В рассказе «Святой вечер» старуха, посиневшая от холода, бьется головой о стену, «потому что давно окоченела бы, если бы не билась». Старуха — нищенка. Она молится и плачет за тех, о ком ее попросят люди. У одной девушки умерла мать; она пришла к старухе, сказала ей о своем горе и «с плачем вышла, а старуха вставала… Целовала землю, поклоны клала».
В «Поле» работает молодая мать. Под кустом картофеля спит ее малый ребенок. Мать спешит работать. Она работает на себя и на ребенка, она валится от усталости: «такая мука и ему и мне с ним». Но эту свою материнскую муку ребенком несет она как высшее благо — «копает быстро, быстро».
В рассказе «Грех» Касьяниха прижила ребенка, когда муж был на войне. Муж вернулся, «напился воды и спит». Касьяниха прижимает к себе ребенка и думает о его судьбе: «Ох, если бы я могла вынуть свое сердце и втиснуть его тебе в горло, чтоб ты умирал с двумя сердцами, а я без единого…» Утром муж спрашивает: «Это чей ребенок?» — «Да ведь знаешь, что не твой, а только мой». — «Ну что ж, и этого выкормим». В этих последних словах, в этом крестьянине-солдате больше мужества, чем в том, кто зачал ребенка, потому что чувство отцовства в нем сильнее чувства ревнивого мужа.

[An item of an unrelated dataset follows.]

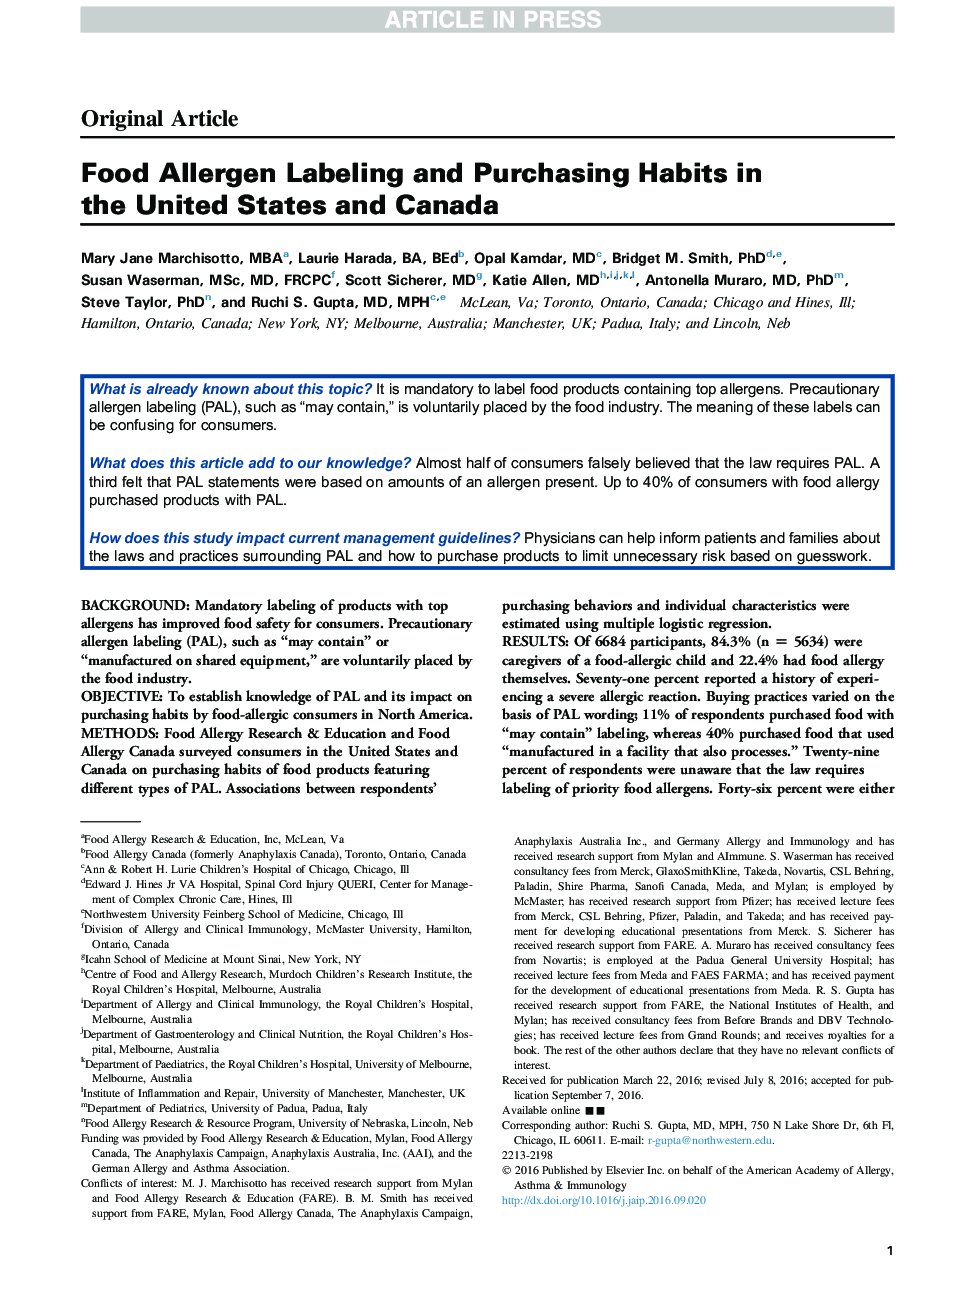 Food Allergen Labeling and Purchasing Habits in the United States and Canada

Истинное мужество всегда заключено в заботе и в исполнении долга, и не своего только долга, а и долга других, если другой исполнить его не может.
В чем же главная ценность книги Стефаника для советского читателя? В том, что, изображая чужую, другую, к счастью уже минувшую, жизнь Западной Украины, книга подчеркивает высшую ценность нашего главного сокровища — нашей Родины, особенной среди всей земли.
НОВЫЙ РУССО
«Нужно побыть одному, наедине со своим Богом и Природой… Как дороги мне эти места по воспоминаниям! Сколько раз я мысленно возвращался к ним в поисках мира и доверия, покинувших меня… и озарения того дня, чей отблеск еще горит у меня в глазах, даже сейчас, через пятнадцать лет», — размышлял Робеспьер в одиночестве на холмах Монморанси, в знойные часы июльского полдня («Робеспьер», пьеса Ромэна Роллана); он умолкает на минуту и снова вспоминает вслух — в тишине, на опушке дубовой рощи: «Мне не было тогда и двадцати лет. Здесь я встретил старого Жан-Жака. Ничто не изменилось с той поры. Только деревья стали выше: тогда это была молодая поросль. Так же, как сегодня, жаворонок с песней взлетал к небесам». И Робеспьеру представляется его юность, время, когда в тишине размышлений и сосредоточенности решилась его будущая героическая судьба. «И был здесь… Оттуда вон, по той дорожке, по которой сейчас пришел я, подымался философ. Он шел один с непокрытой головой… Он не видел меня, он был погружен в свои одинокие мечтания. А я, узнавший его с первого же взгляда, был потрясен, парализован… Он остановился на верхушке холма, чтобы полюбоваться открывшимся видом… Потом он пошел дальше… Проходя мимо меня, он поднял на меня свои глаза, — глаза филина, коричневатые, без блеска, — которые, казалось, видели все насквозь, и погрузил свой взор в мои глаза…»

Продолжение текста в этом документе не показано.